I don’t think, though, that the average person who is getting automatically enrolled in their 401(k) plan at work (or whatever that situation may be) is understanding the implications of current valuations. That’s not a moral judgment—this kind of stuff does not naturally interest 99% of the population in an intense way, but unfortunately for those to whom investing is not a hobby, the wise stewardship of capital has a huge bearing on the material quality of the second half of their lives. If you knew nothing about money, it would be very counterintuitive to think that you should buy stocks during and after 20%, 30%, 40% declines. At that particular point in time, paper wealth is being destroyed as those continuing to invest appear to resemble Sisyphus rolling the same boulder up and down the mountain: you keep putting hundreds of dollars per month into a 401(k) account that only seems to be treading water with your constant additions.
Of course, as the price goes down, that’s when the time to invest gets more intelligent because long-term returns are dominated by two variables in addition to the dividend payout: your starting earnings yield and the future earnings per share growth. You want those two figures to be as high as possible. When the S&P 500 falls 50%, you are usually doubling your earnings yield (unless profits are actually declining like the 1930s bear market, 1973-1974 market, or the banking sector in 2008-2009) when you make a new purchase. And usually, the long-term growth prospects of the S&P 500 stay more or less the same (six percentage points above the rate of inflation).

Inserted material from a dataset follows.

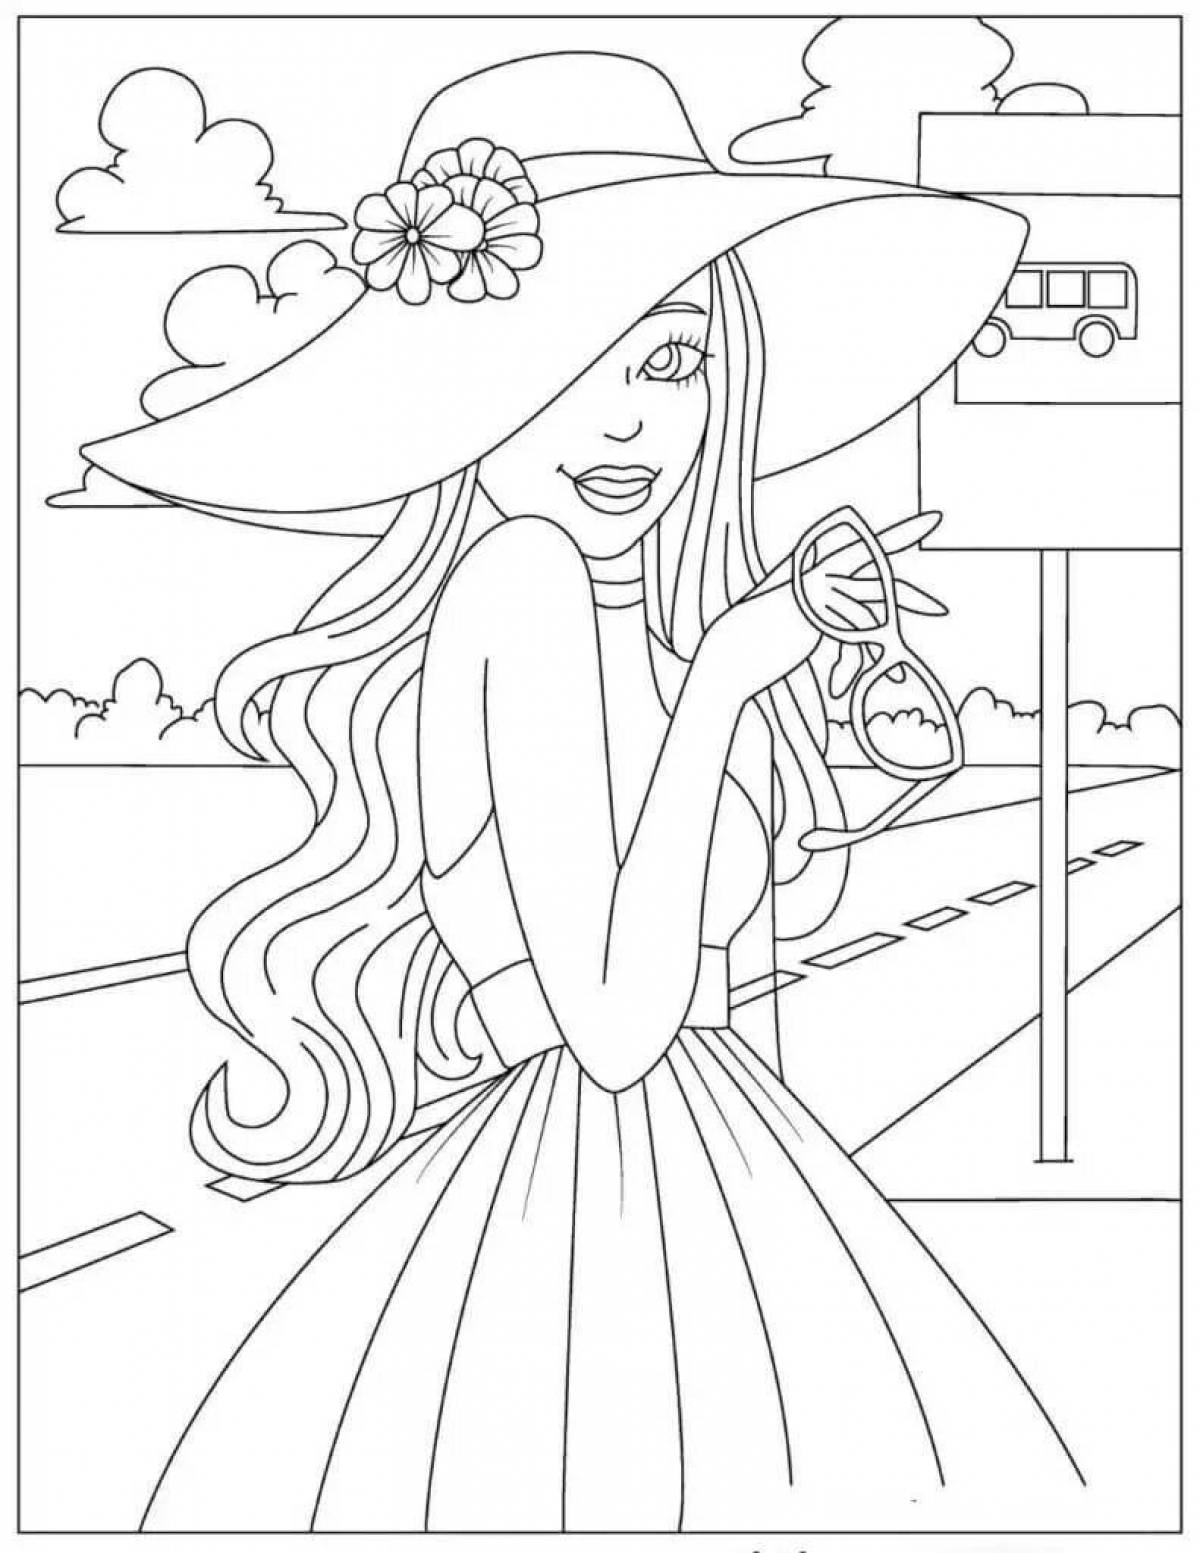 Beautiful barbie coloring book for kids 6-7 years old

What is the best defense against allowing yourself to become one of those people that participate in the same cycle of buying high and selling low that seems to be gently starting to unfold again right now? Know what you own and why. Speaking strictly about the long-term prospects for American businesses, the future is very bright. S&P 500 companies are earning very nice profits relative to the amount of capital they invest, and they are also possessing the ability to give you 2% or so in dividends while also reducing the share count by 2-3% as well. Ask yourself the question: “How could I deal with seeing every $1,000 I invest turn into $700, every $10,000 into $7,000, every $100,000 into $70,000 and not bat an eye?”
Everyone has their own way they can play this to their advantage—my advantage is that, even though I do write about money all the time, I don’t take it all that seriously. If money gets lost, I can always do something to make it back up: it’s a fun task for me to make that happen. I’m wired that way because my dad got it into my head early on that you shouldn’t let money trouble affect your mood—you should save your grief for things like burying a child or a failed marriage—things you can recover from, but never truly be the same. The key is to think prospectively—think proactively. Swings in stock prices are inevitable, and if you have a plan in place ahead of time, then weirdly enough—those 30% declines are tinged with an almost welcome feeling because you get the opportunity for your preparation to pay off. Preparation, accompanied by an honest internal reflection about what you can and cannot handle, is the best way to insulate yourself from the periods of economic darkness.